A residency plays an important role in shaping the education and experience of a psychiatrist, and involves on-the-job, paid training that typically takes place in a hospital. The first year of residency training introduces doctors to patients with a variety of medical issues. The American Psychiatric Association states that at least three additional years of training follows, to touch upon the diagnosis and treatment of mental health cases within a range of medical settings, such as psychiatric wards, health clinics, and hospitals. Doctors eventually gain experience working with a variety of patients, including individuals, couples, families, and large groups.
During their residencies, psychiatrists-in-training also become familiar with the range of treatment approaches associated with their field, such as psychotherapy (also known as talk therapy), medication, deep brain stimulation, electroconvulsive therapy (which uses electrical currents to the brain for severe depression cases), and light therapy as a method of treating patients suffering from seasonal depression.
Upon completion of at least four years of residency, a doctor becomes a psychiatrist, and may pursue board certification by passing an exam administered by the American Board of Psychiatry and Neurology.

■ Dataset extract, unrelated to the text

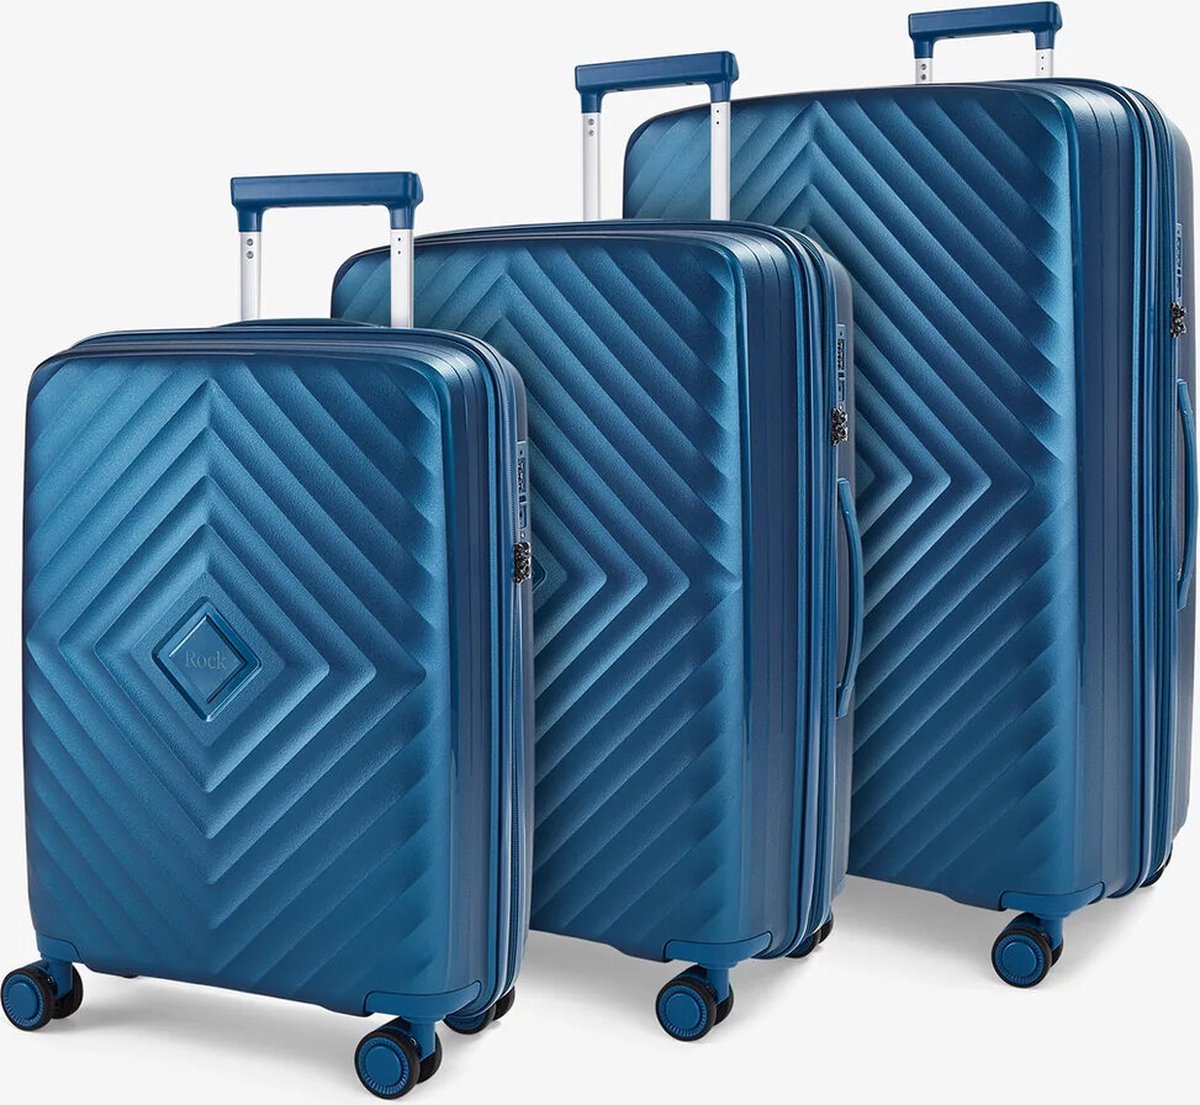 Koffer set 3-delig - Rock® - Trolley met TSA slot - Dubbel Rits - PP silicone reiskoffer - 360 draai wielen

In order to maintain their credentials as a certified psychiatrist, doctors must re-certify every 10 years.
From chronic care to thought disorders (like schizophrenia), a psychiatric residency also introduces a physician to various niches they may later want to pursue on a more in-depth level. Doctors who gravitate towards a subfield of psychiatry require an additional 1-2 years of training (called a fellowship) where they concentrate on a specific subject, such as children, adolescents, adults, addiction, forensics, neuropsychiatry, or personality disorders.
Obtaining a specialty in psychiatry opens the doors to a greater number of employment opportunities. For example, substance abuse treatment centers often seek the expertise of an addiction psychiatrist, while a forensic psychiatrist is often hired by the criminal justice system. Geriatric psychiatrists specialize in working with the elderly, and generally find jobs in nursing homes, hospices, and long-term care facilities.
According to the Health Resources and Services Administration (HRSA) of the U.S. Department of Health and Human Services, psychiatrists who specialize in child- or geriatric psychiatry are expected to be in high demand. Psychiatrists, in general, also fall under the category of healthcare-related occupations that represent a shortage in mental health providers. HRSA also states that it would take approximately 2,800 new psychiatrist hires to eliminate the current mental health professional shortage areas in the United States.
In conclusion, the educational path of a future psychiatrist starts with an undergraduate education, which lays down a foundation of math and science for a student to expand upon. All psychiatrists must complete a medical school education before entering a residency program, which solely concentrates on equipping a doctor with the tools to operate as a psychiatrist and treat patients in mental health distress. The opportunity to specialize in a more targeted area of psychiatry requires additional years of training, but also increases a physician’s employment opportunities and potential earning capacity.